🤖 AI Summary
Group Ordered Weighted L1 (OWL) regularization in high-dimensional sparse multi-task learning suffers from prohibitive computational cost and excessive memory consumption. Method: This paper introduces, for the first time, safe feature screening rules tailored to structured, non-separable Group OWL penalties—rigorously identifying and eliminating inactive features whose coefficients vanish identically across all tasks. The rules are derived via duality gap analysis and convex optimization theory, ensuring theoretical safety and compatibility with both batch and stochastic optimization frameworks; they integrate seamlessly into proximal gradient solvers. Contribution/Results: Experiments demonstrate that the proposed method achieves substantial speedup and memory reduction without any loss in solution accuracy, establishing the first efficient and provably safe pre-screening tool for large-scale Group OWL optimization.
📝 Abstract
Group Ordered Weighted $L_{1}$-Norm (Group OWL) regularized models have emerged as a useful procedure for high-dimensional sparse multi-task learning with correlated features. Proximal gradient methods are used as standard approaches to solving Group OWL models. However, Group OWL models usually suffer huge computational costs and memory usage when the feature size is large in the high-dimensional scenario. To address this challenge, in this paper, we are the first to propose the safe screening rule for Group OWL models by effectively tackling the structured non-separable penalty, which can quickly identify the inactive features that have zero coefficients across all the tasks.
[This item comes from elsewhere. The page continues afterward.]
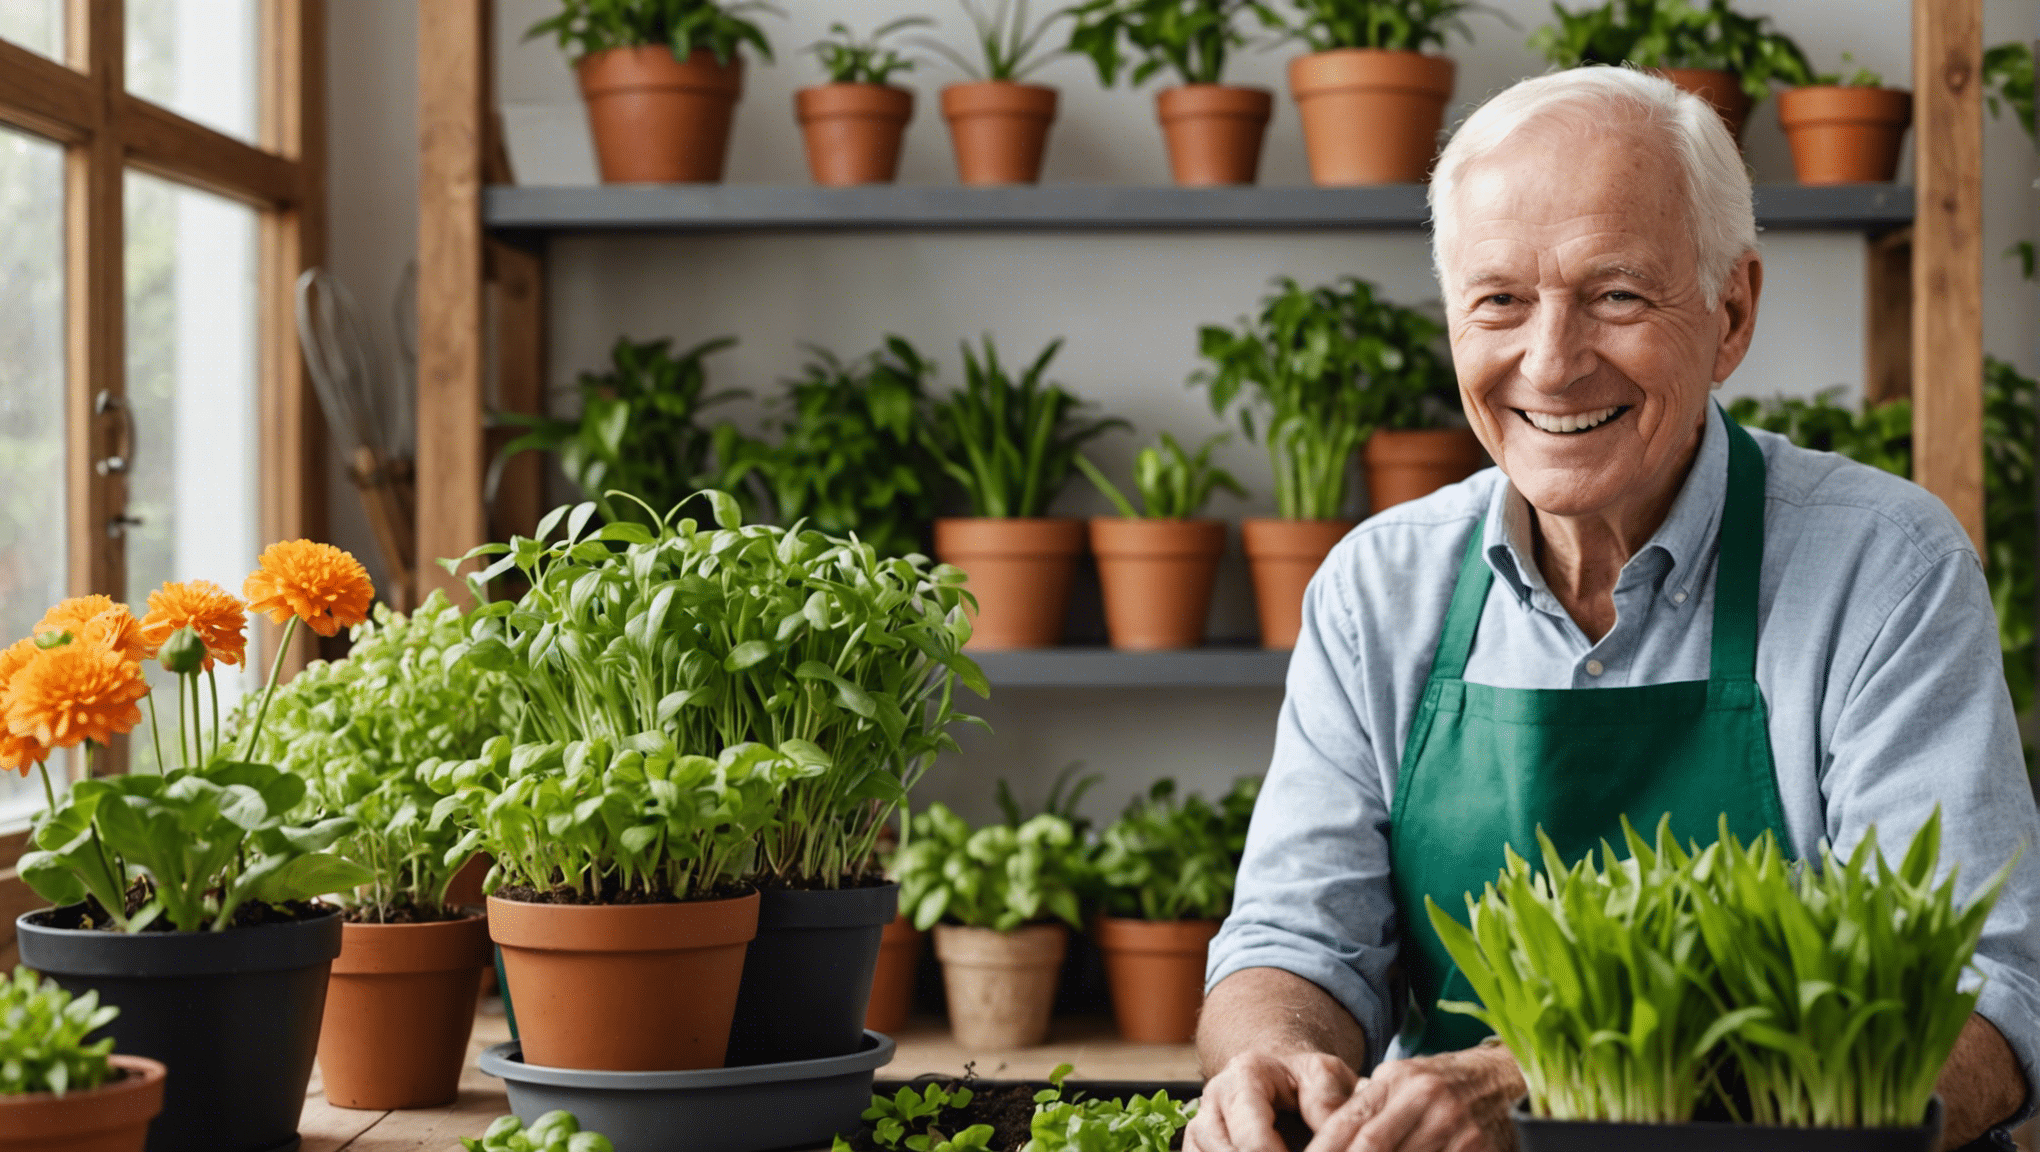 odkryj zalety pomysłów na ogrodnictwo wewnętrzne dla seniorów i dowiedz się, jak może to poprawić ich ogólne samopoczucie i jakość życia.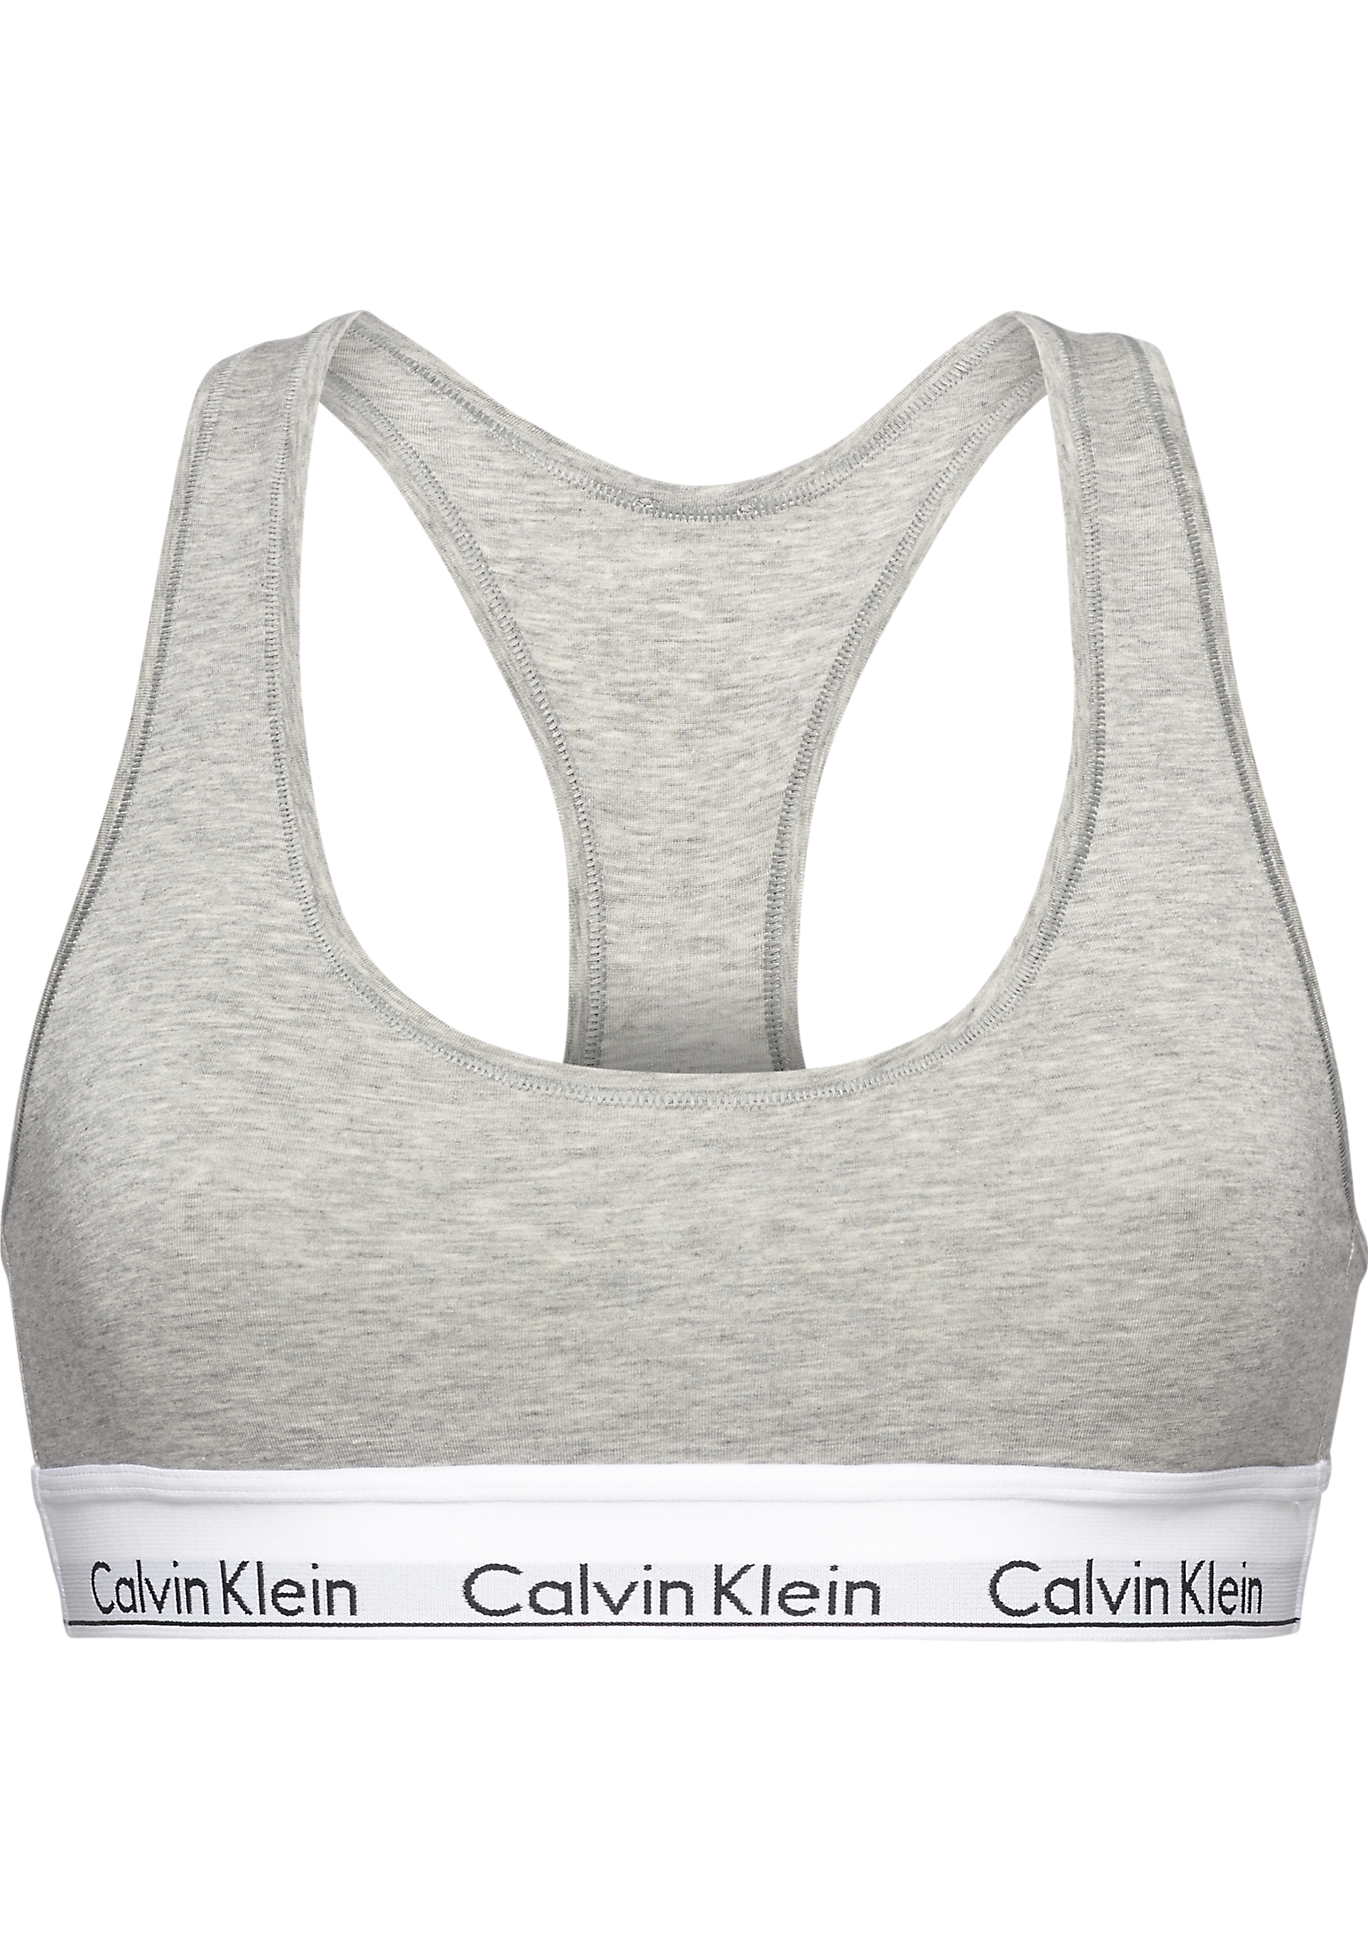 isolatie leeg gedragen Calvin Klein dames Modern Cotton bralette top, ongevoerd, grijs - SALE tot  50% korting - Gratis verzending en retour

Thus, by removing the inactive features during the training process, we may achieve substantial computational gain and memory savings. More importantly, the proposed screening rule can be directly integrated with the existing solvers both in the batch and stochastic settings. Theoretically, we prove our screening rule is safe and also can be safely applied to the existing iterative optimization algorithms. Our experimental results demonstrate that our screening rule can effectively identify the inactive features and leads to a significant computational speedup without any loss of accuracy.